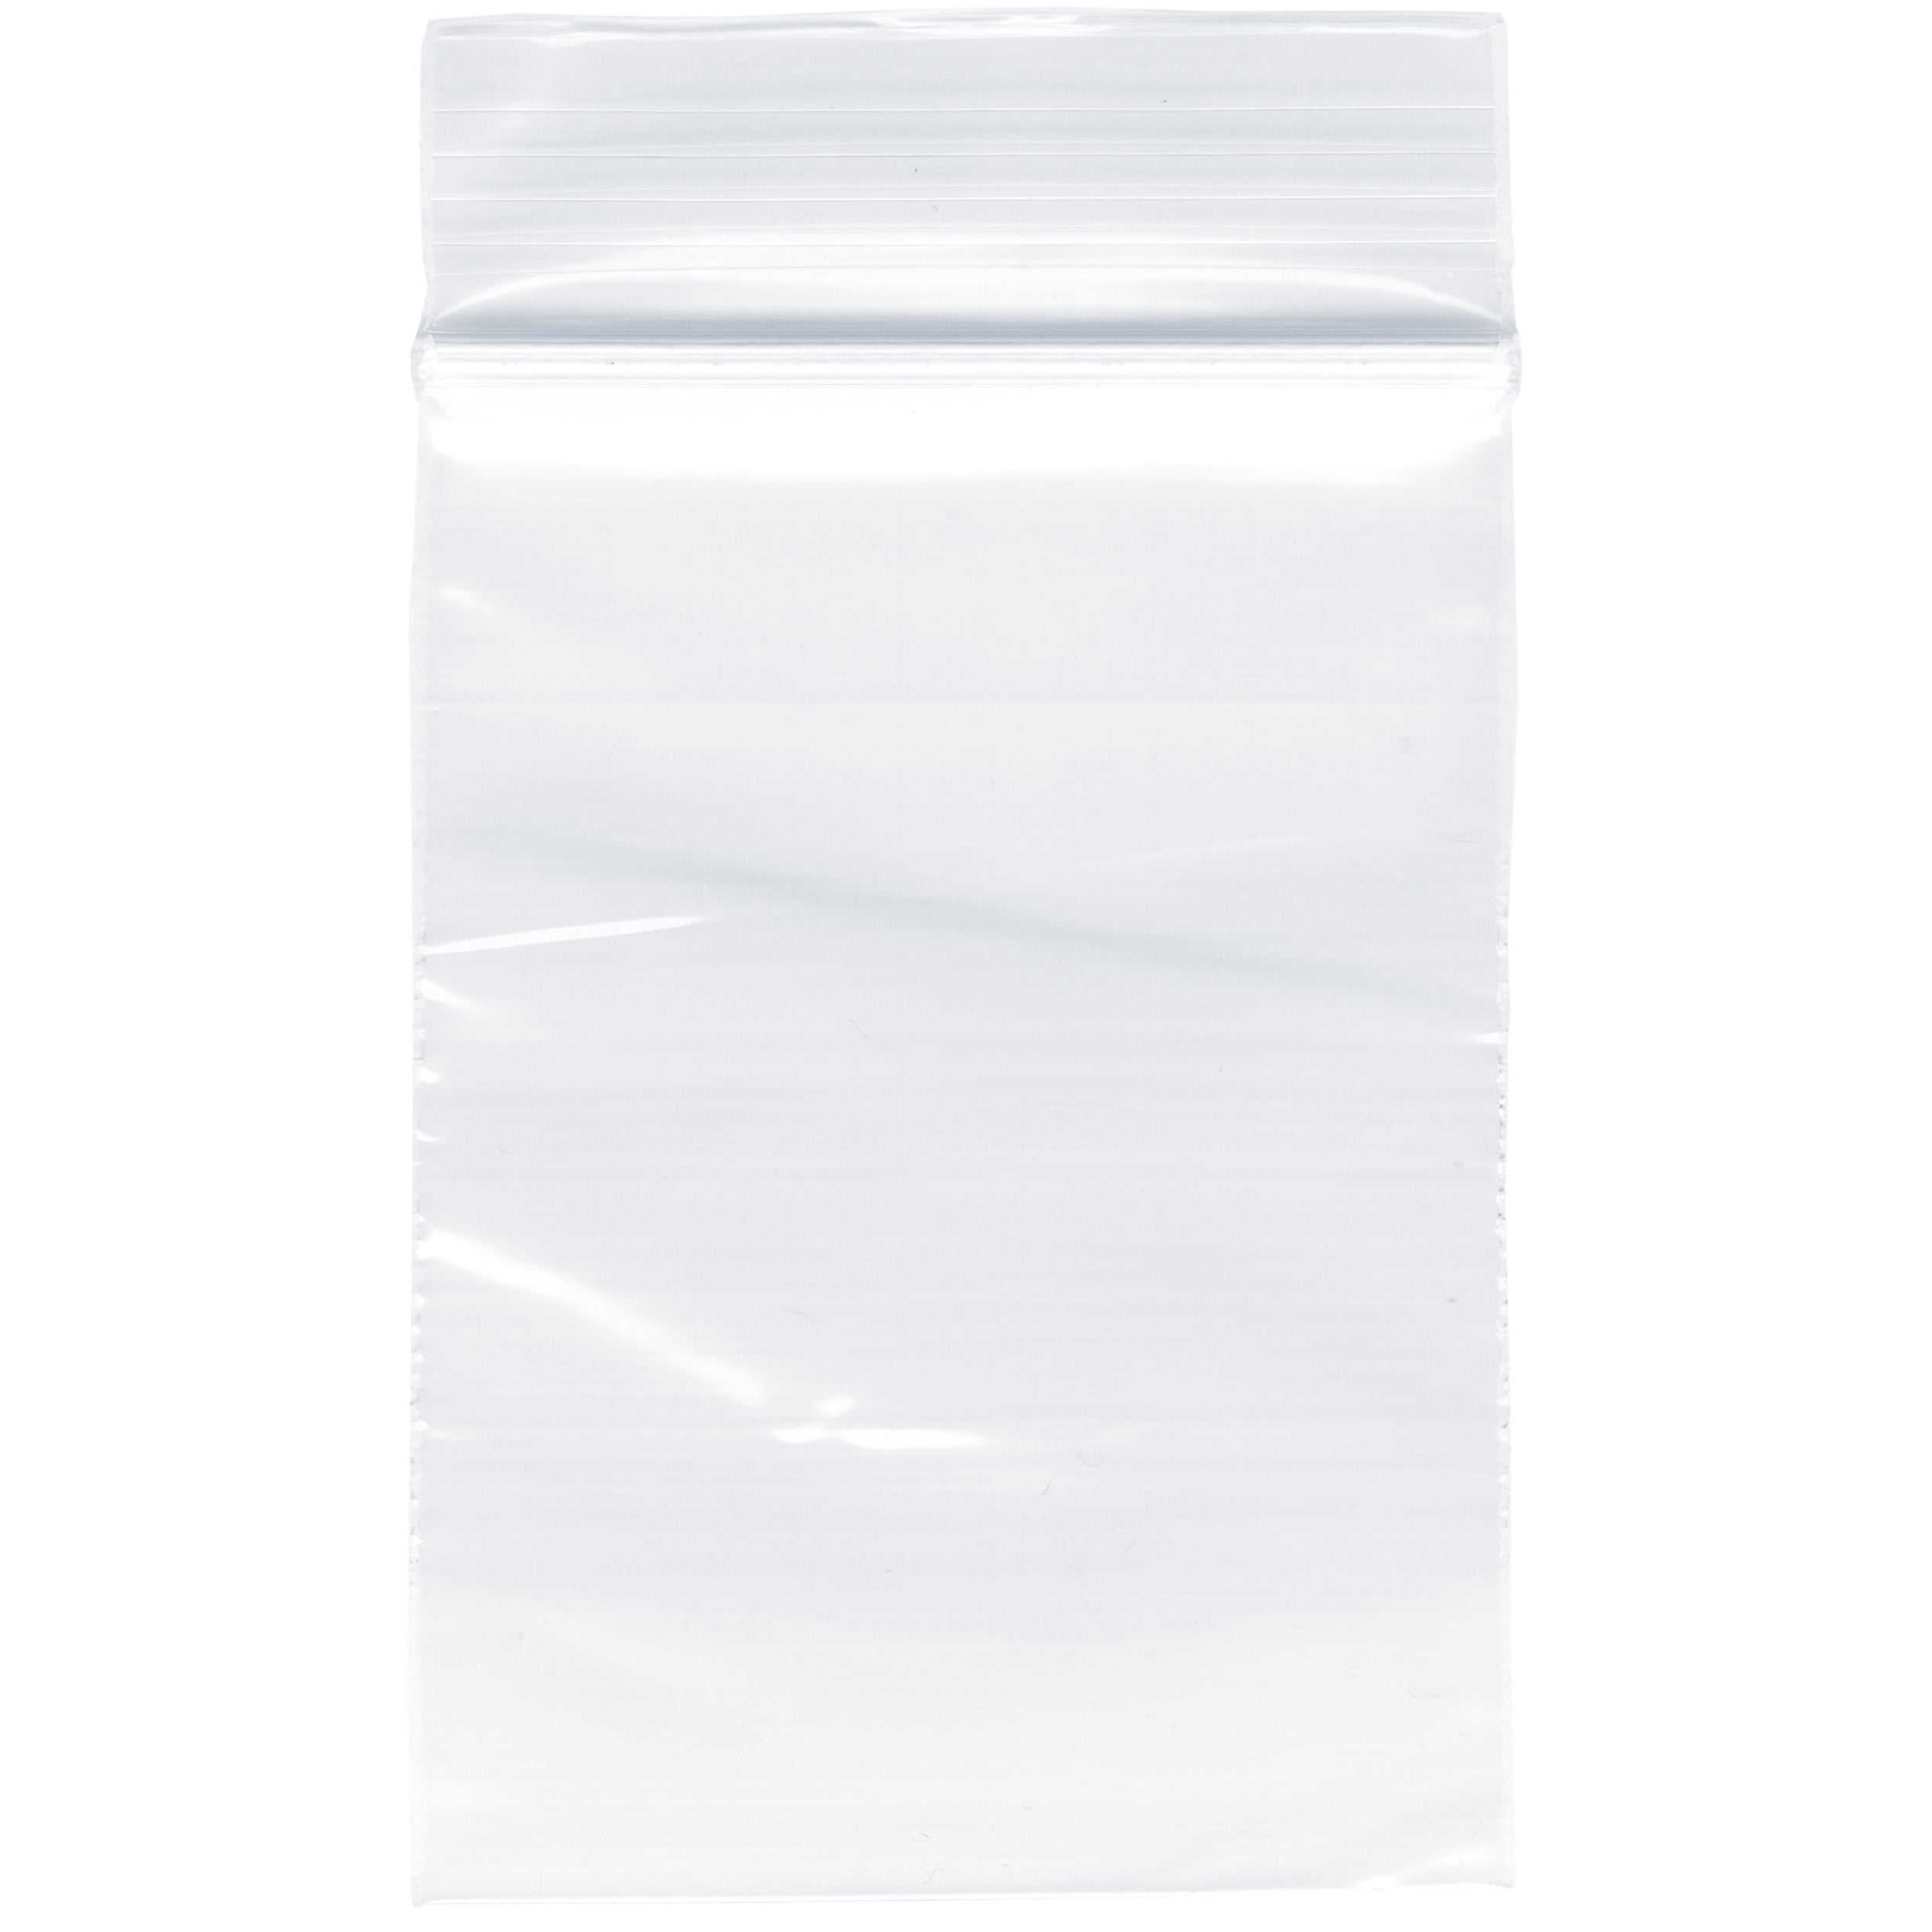 9 x 14 100 Clear Cello Bags Adhesive 1.4 mils Self Sealing OPP
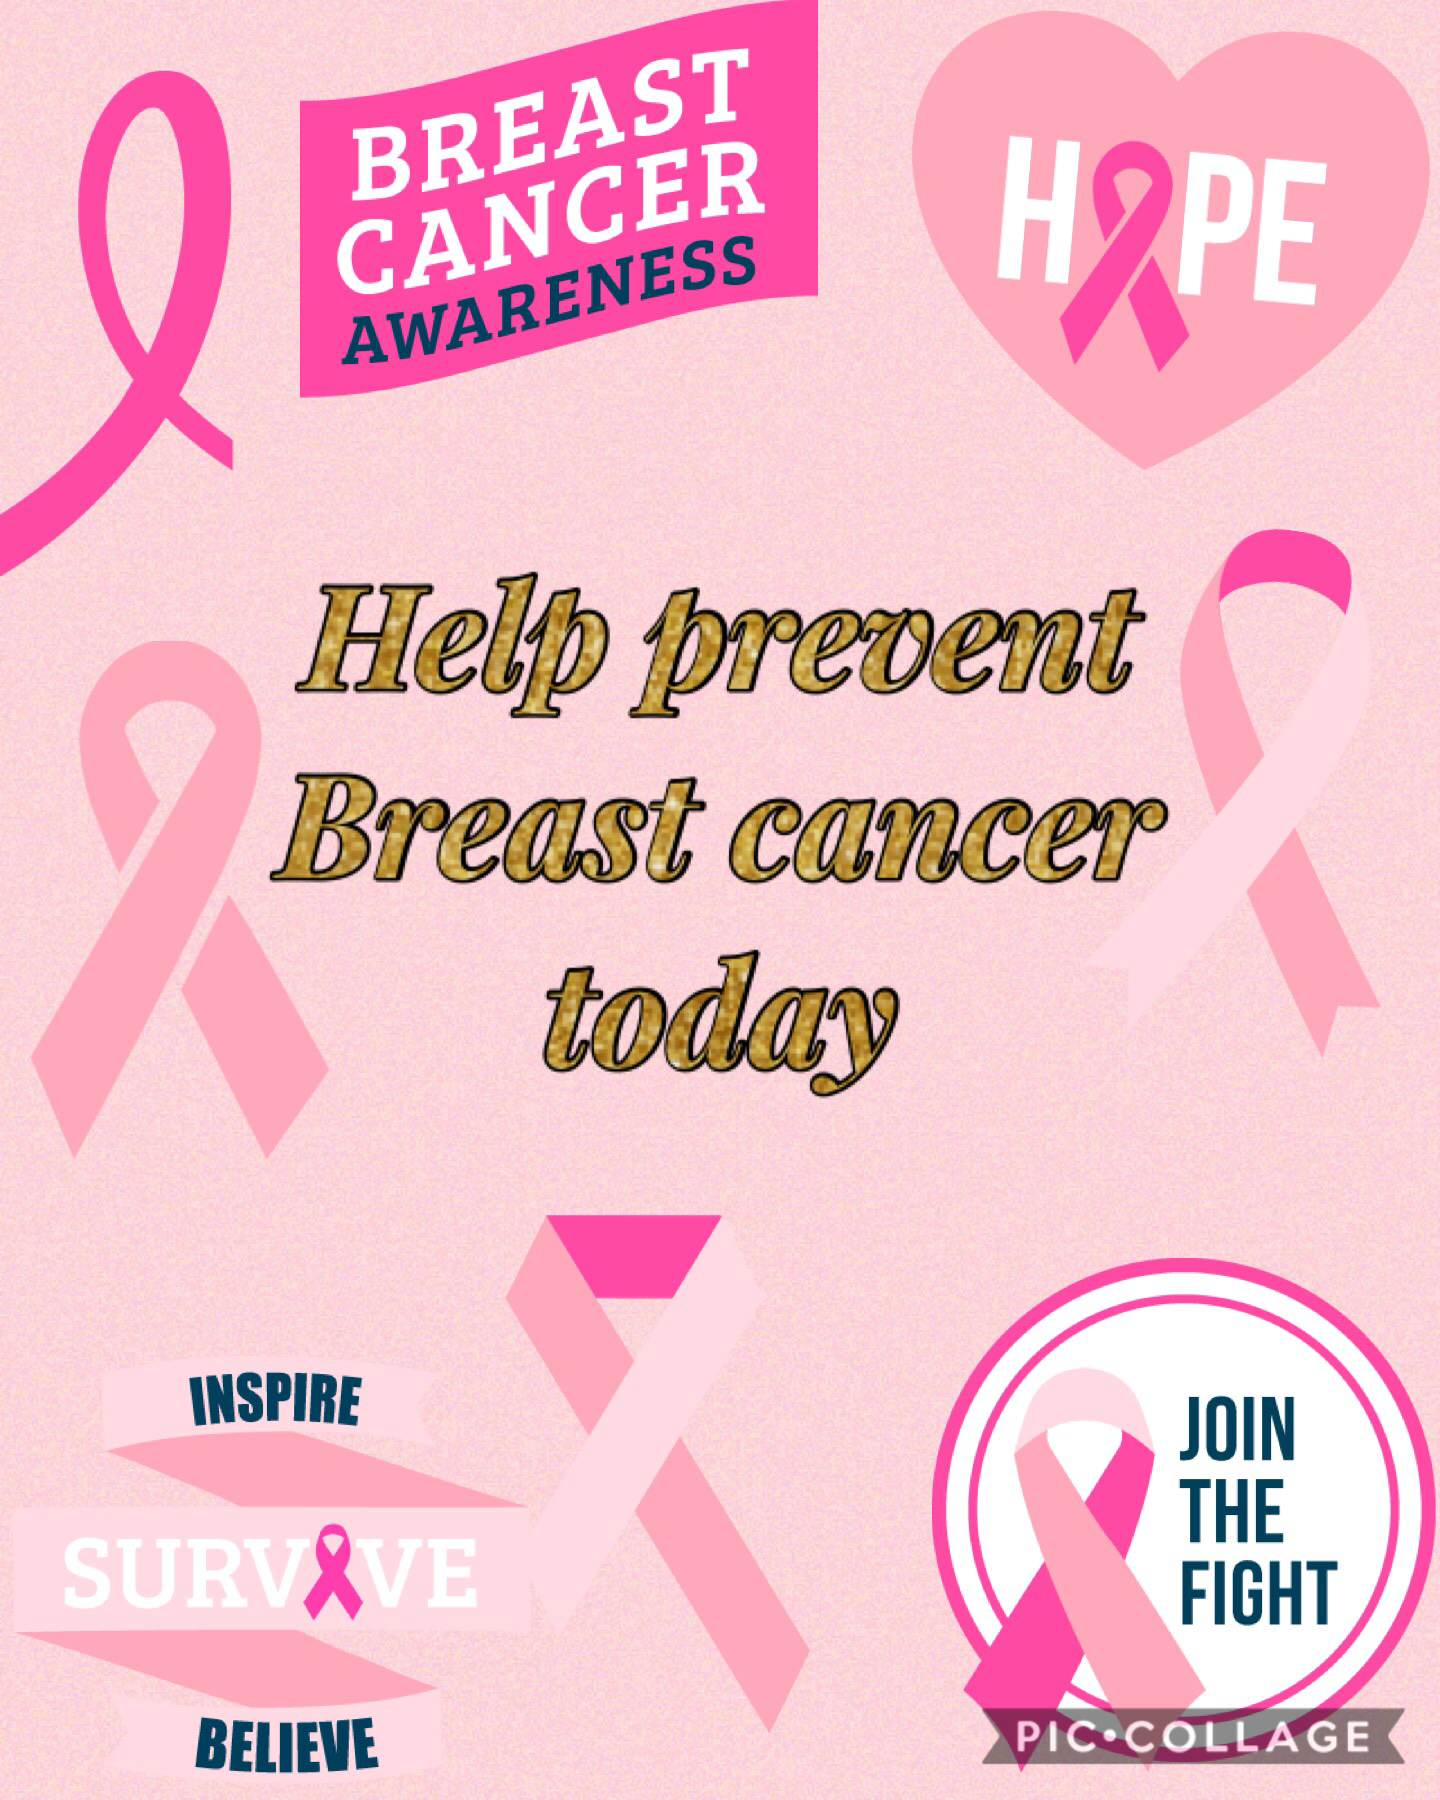 This is for my mum who has suffered from cancer and is still battaling it out today help prevent breast cancer 💕
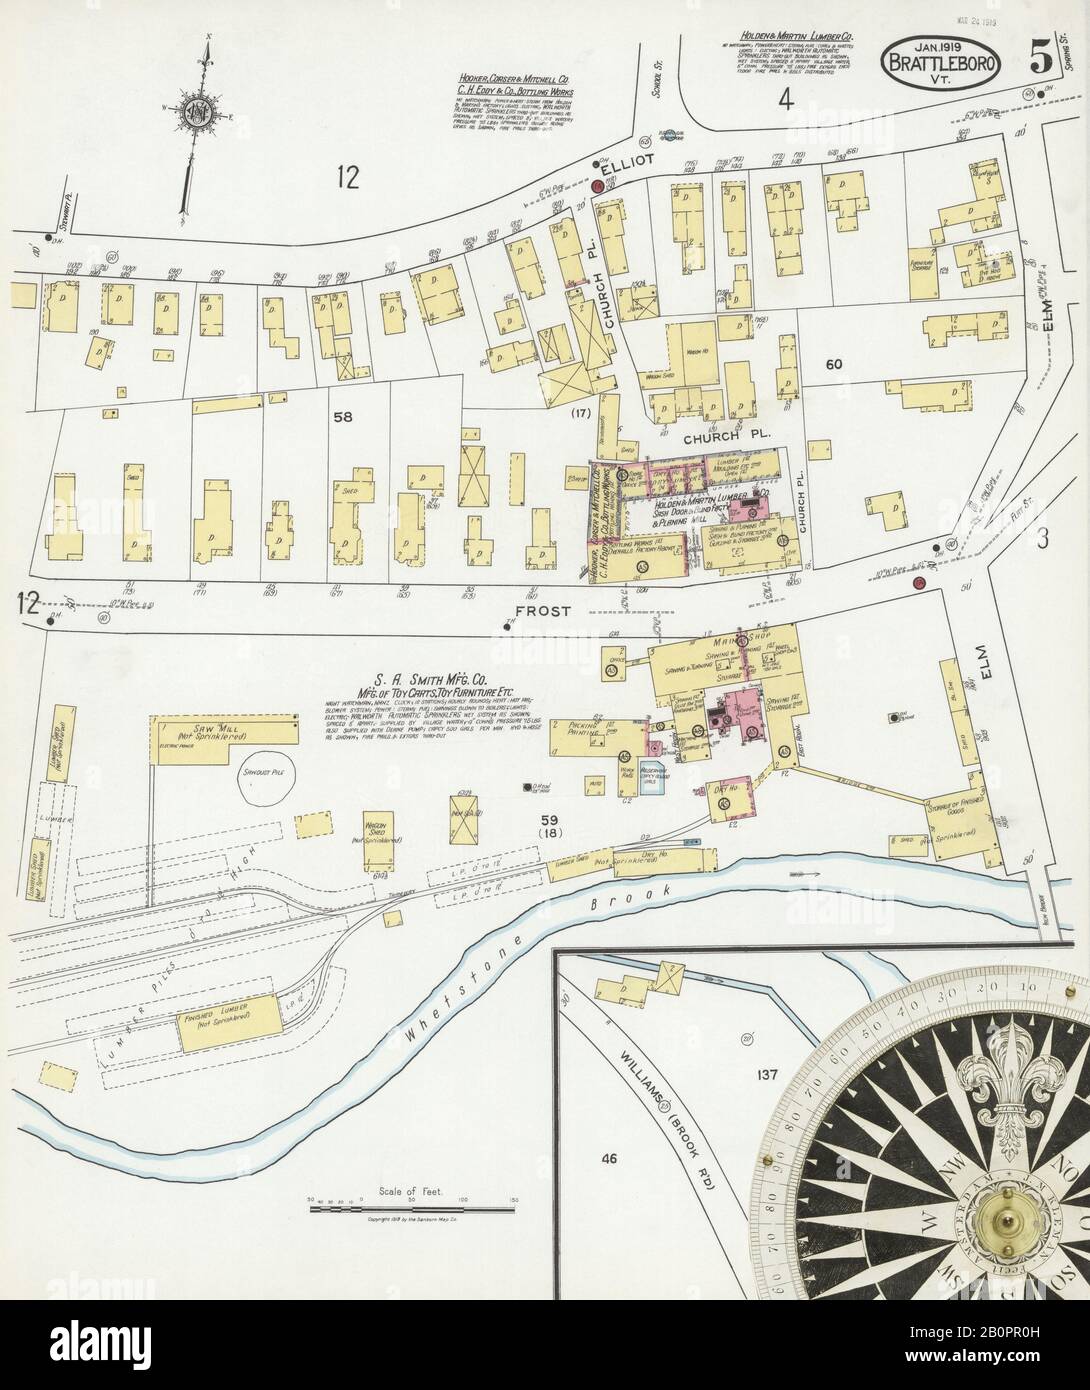 Image 5 of Sanborn Fire Insurance Map from Brattleboro, Windham County, Vermont. Jan 1919. 19 Sheet(s), America, street map with a Nineteenth Century compass Stock Photo

Try it: Nothing but the lines from the one containing "This is for" through the last line of the data should appear in the answer, copied exactly, with pictures excluded.

Response area:
 This is for my mum who has suffered from cancer and is still battaling it out today help prevent breast cancer 💕
 Image 5 of Sanborn Fire Insurance Map from Brattleboro, Windham County, Vermont. Jan 1919. 19 Sheet(s), America, street map with a Nineteenth Century compass Stock Photo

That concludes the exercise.